ISSUE: WON THE CONTRACT OF SERVICES VIOLATED THE PROVISION OF ART. 1491, NCC.

HELD: NO! The contract of services did not violate Art. 1491, NCC.

• The said prohibition applies only if the sale or assignment of the property takes place during the
pendency of the litigation involving the client’s property.
• Thus, the contract between the a lawyer and a client stipulating a contingent fee is not covered by said
prohibition under Art. 1491(5), CC because the payment of said fee is not made during the pendency of
the litigation but only after the judgment was rendered final.
• As long as the lawyer did not exert undue influence on his client, that no fraud is committed or
implication applied, or that the compensation is clearly not excessive as to amount to extortion, a contract
for contingent fee is valid and enforceable.

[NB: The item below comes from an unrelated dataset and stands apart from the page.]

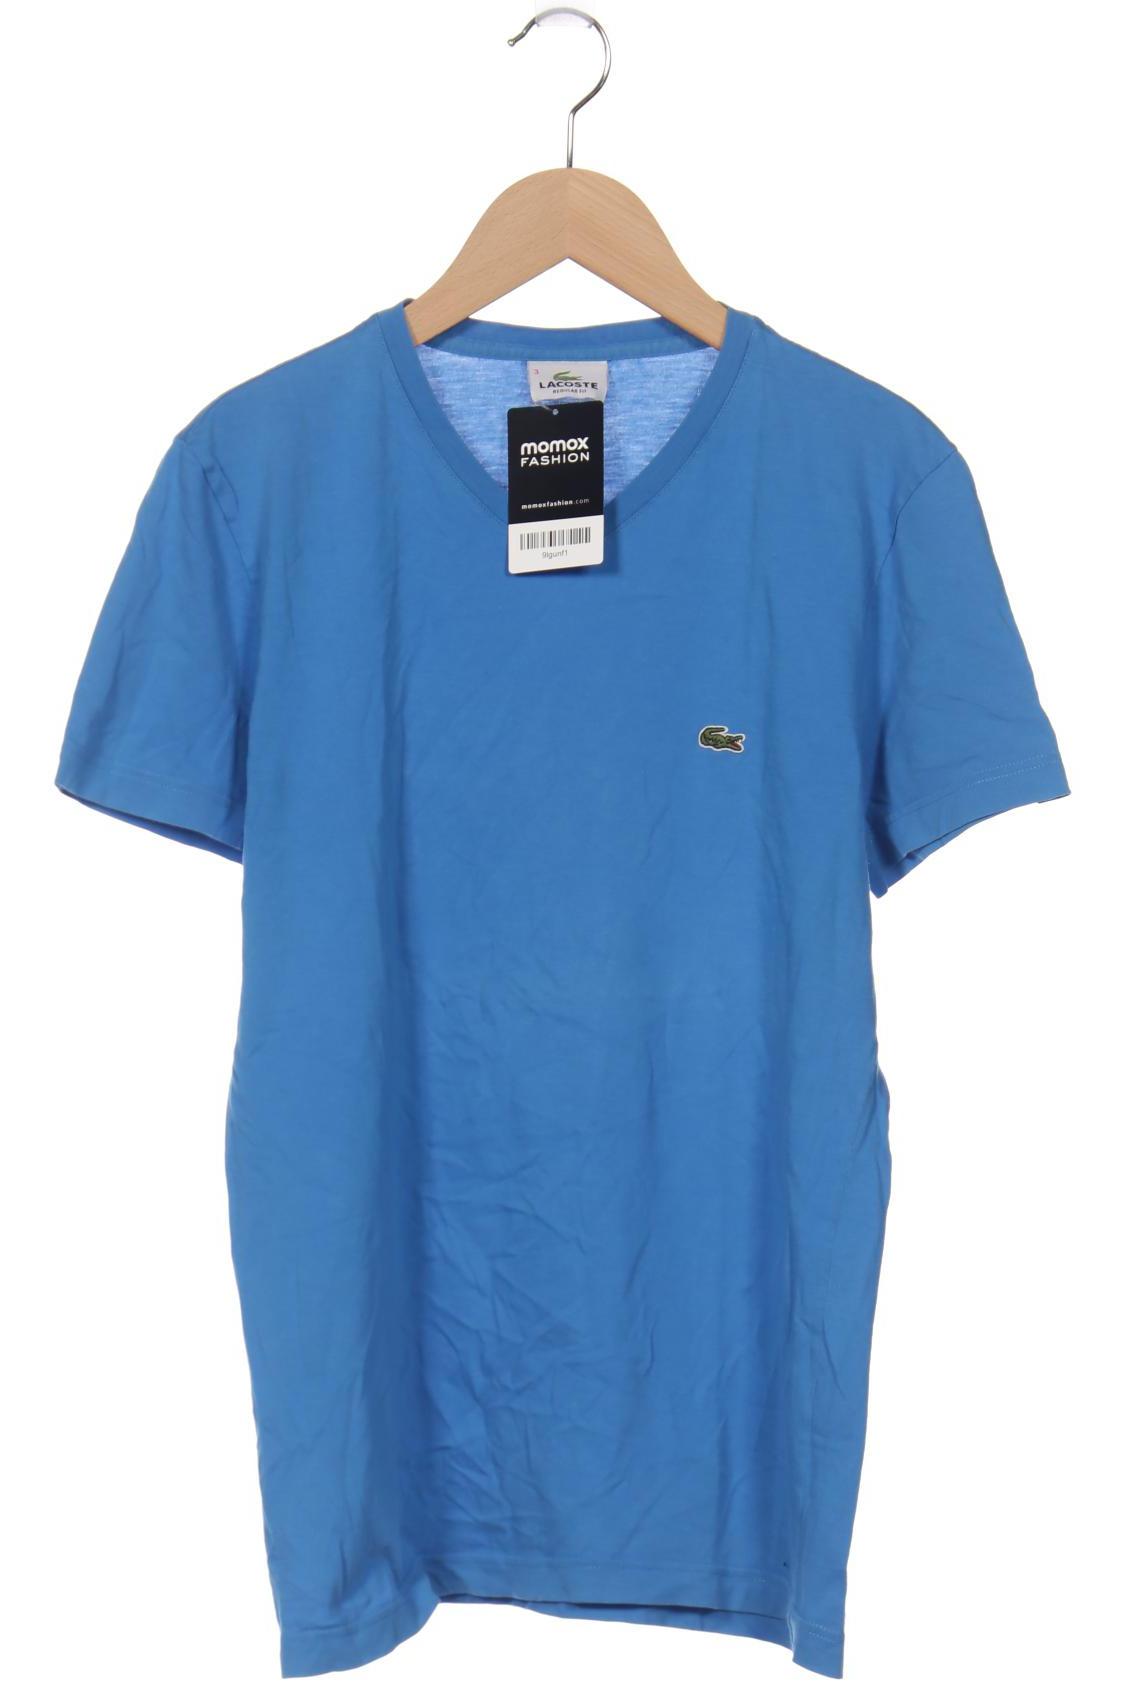 Lacoste Herren T-Shirt, blau, Gr. 46 von Lacoste

• However, the Court disagrees that the contingent fee stipulated by the partiesis 40% of the properties
subject of the litigation.
o A careful scrutiny of the contract shows that the parties intended 40% of the value of the
properties as Murillo’s contingent fee.
o This is borne out by the stipulation that “in case of success of any or both cases,” Murillo
shall be paid “the sum equivalent to 40% of whatever benefit” Fasbillo would derive from
favorable judgments.
• Moreover, the herein contract was vague with respect to a situation wherein the properties are neither
sold, mortgaged nor leased because Murillo is allowed “to have the option of occupying or leasing to any
interested party 40% of the house and lot”.

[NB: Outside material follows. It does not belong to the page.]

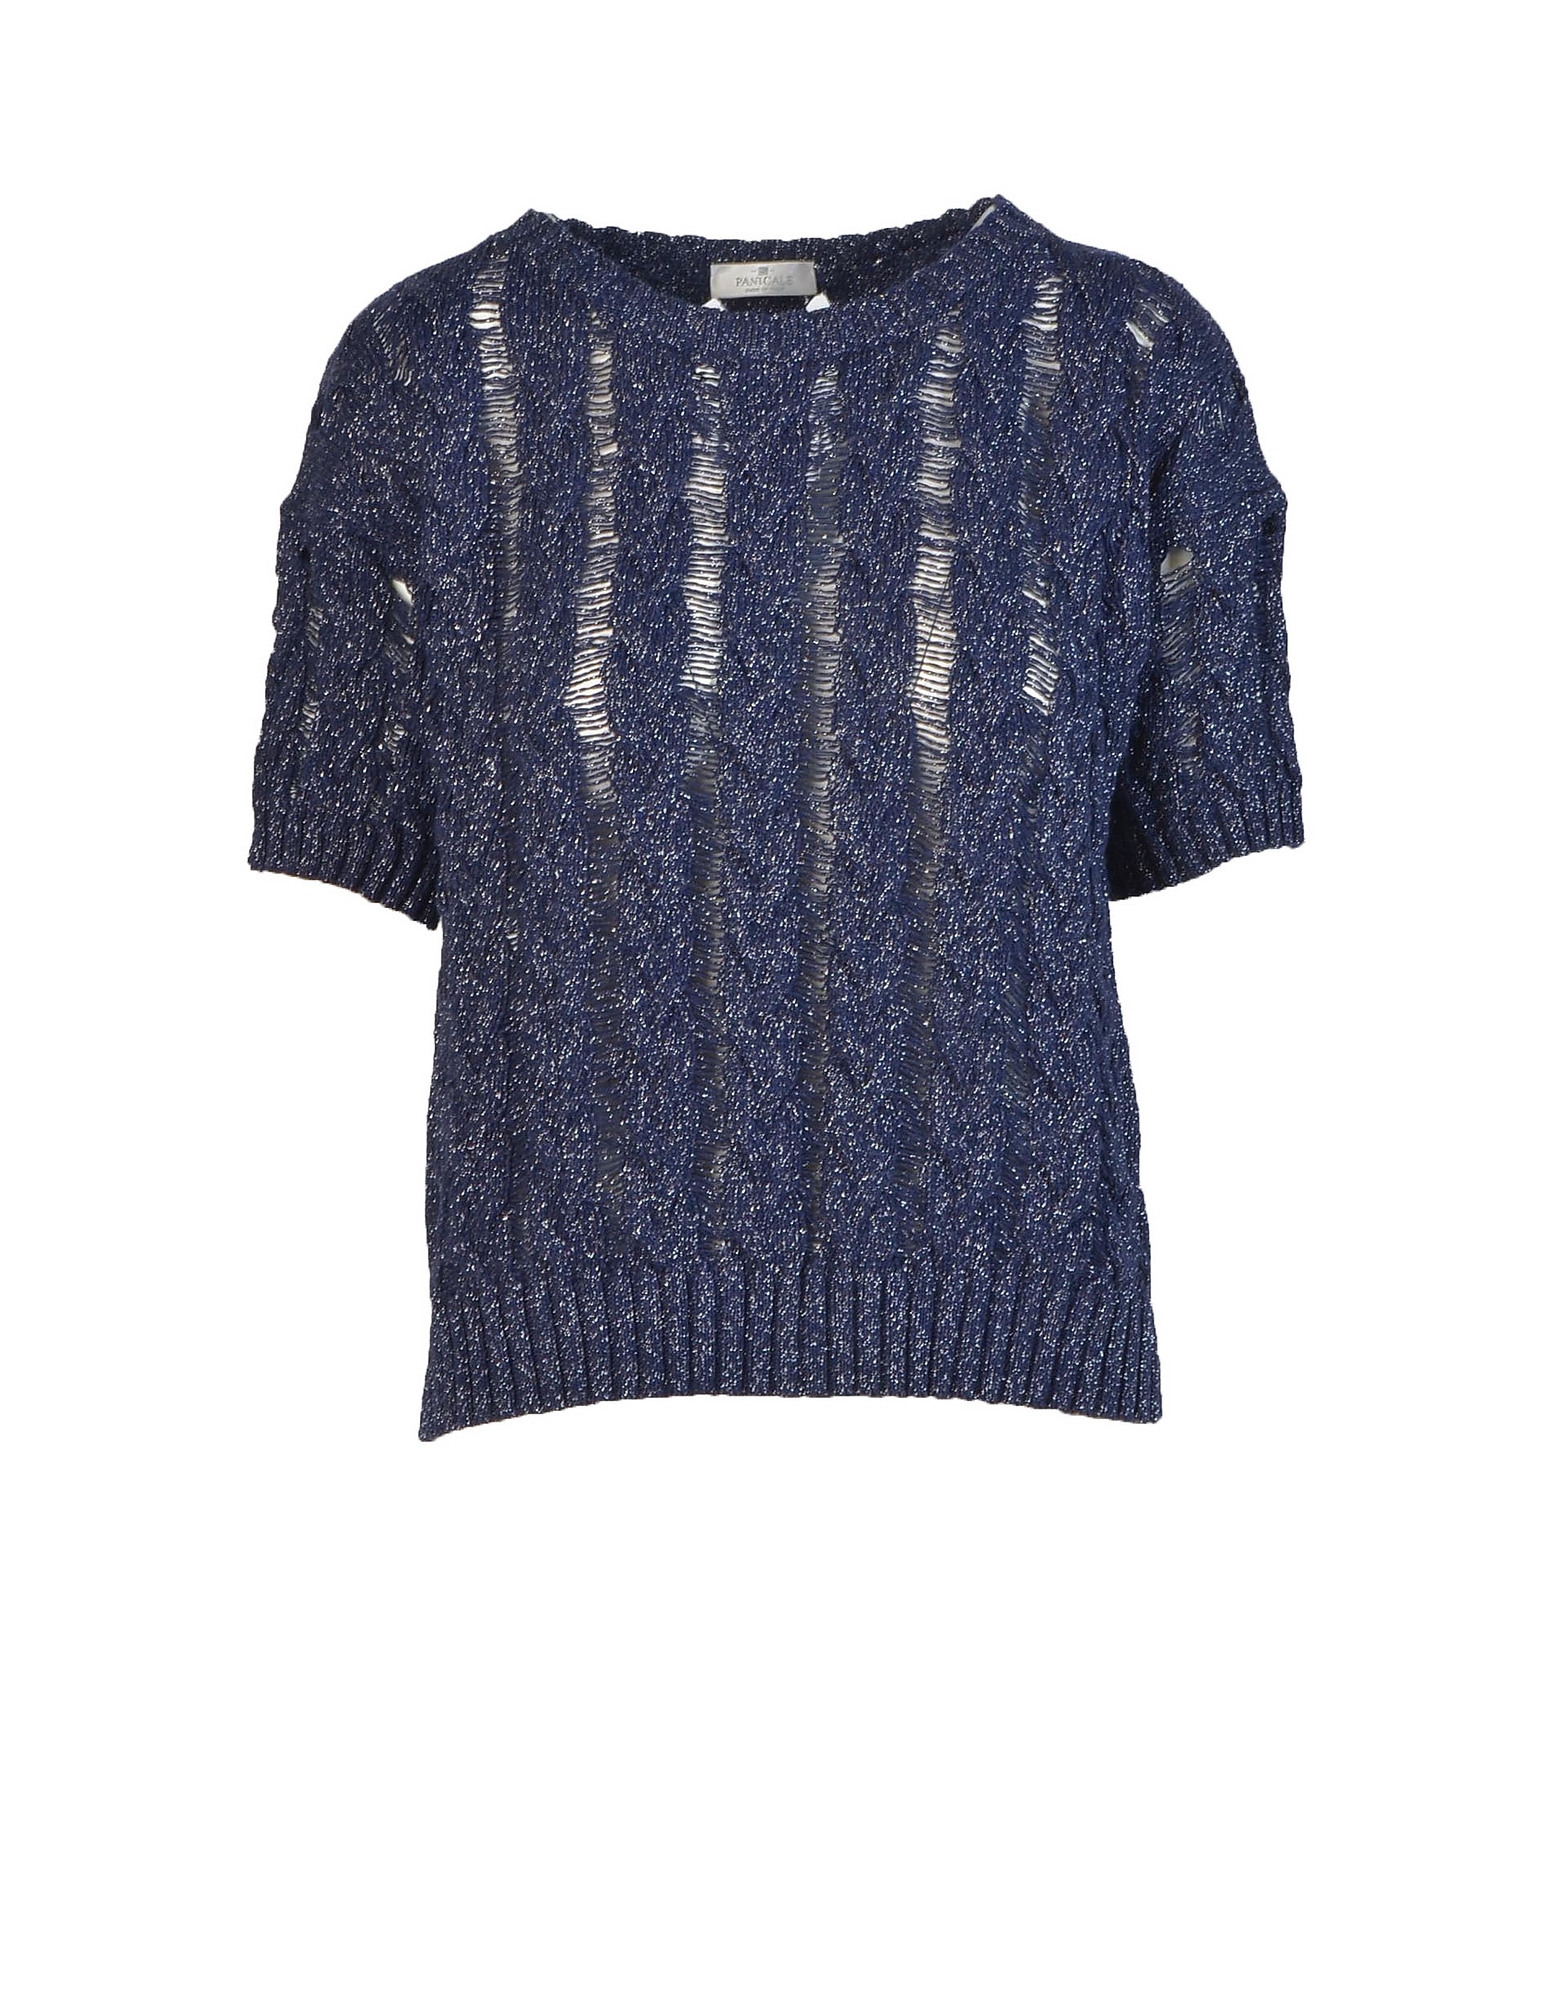 Panicale Knitwear Women's Blue Sweater

o Had the parties intended that Murillo should be the lawful owner of 40% of the properties, it would
have been stipulated in the contract considering that the Fabillos would part with actual portions of
their properties and cede the same to Murillo.

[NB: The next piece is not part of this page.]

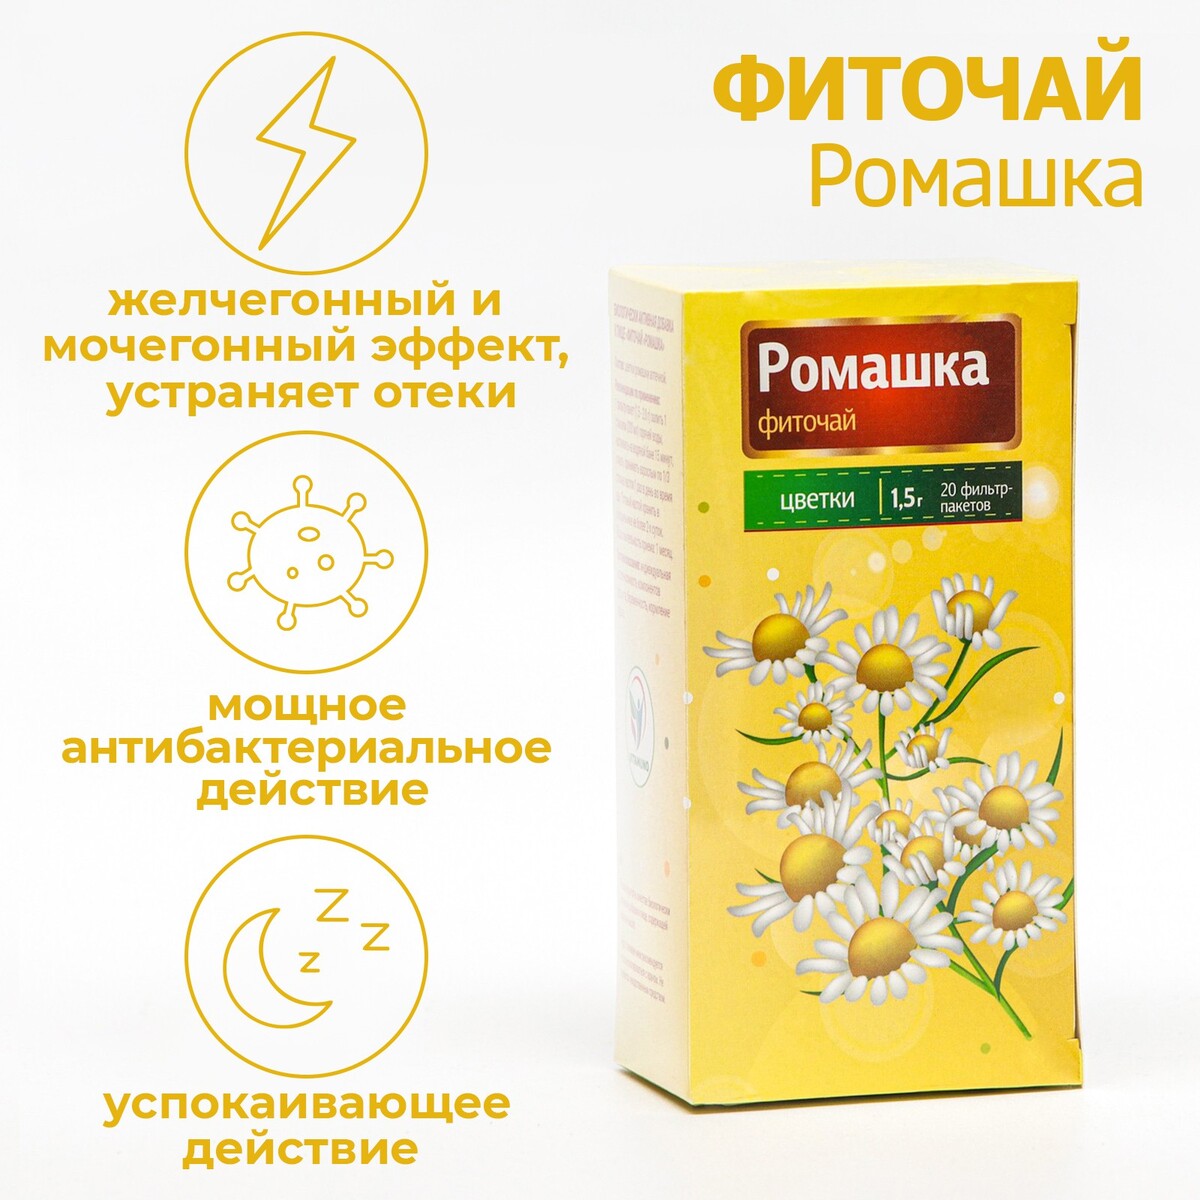 Фиточай ромашка vitamuno для взрослых, 20 фильтр-пакетов по 1.5 г Vitamuno 08129540 - фото 1

• The ambiguity of said provision should be resolved against Murillo as it was him pwho drafted the
contract.
o This is in consonance with the rule of interpretation that, in construing a contract of
professional services between a lawyer and a client, a construction as would be more favorable to the
client should be adopted even if it would prejudice the lawyer.